RECORDS TO PROCESS:
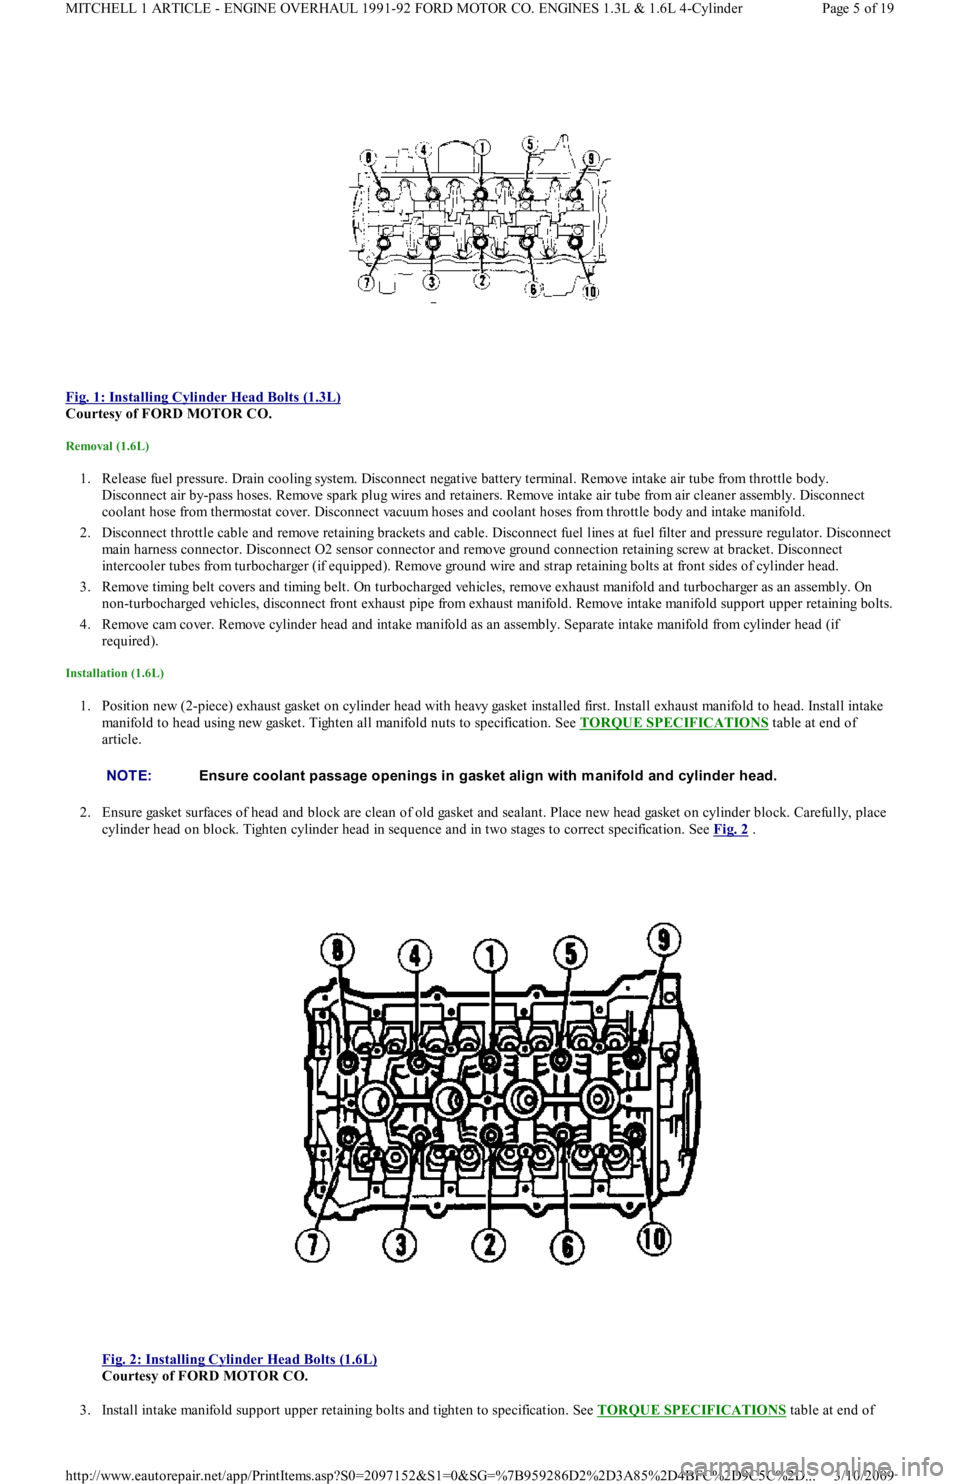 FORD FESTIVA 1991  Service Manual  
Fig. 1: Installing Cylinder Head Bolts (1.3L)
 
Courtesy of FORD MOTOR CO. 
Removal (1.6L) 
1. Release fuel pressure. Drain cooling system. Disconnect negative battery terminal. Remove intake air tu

WORK TO BE COMPLETED: The records above should be returned exactly, with only their pictures held back.

WRITTEN REPLY:
 FORD FESTIVA 1991  Service Manual  
Fig. 1: Installing Cylinder Head Bolts (1.3L)
 
Courtesy of FORD MOTOR CO. 
Removal (1.6L) 
1. Release fuel pressure. Drain cooling system. Disconnect negative battery terminal. Remove intake air tu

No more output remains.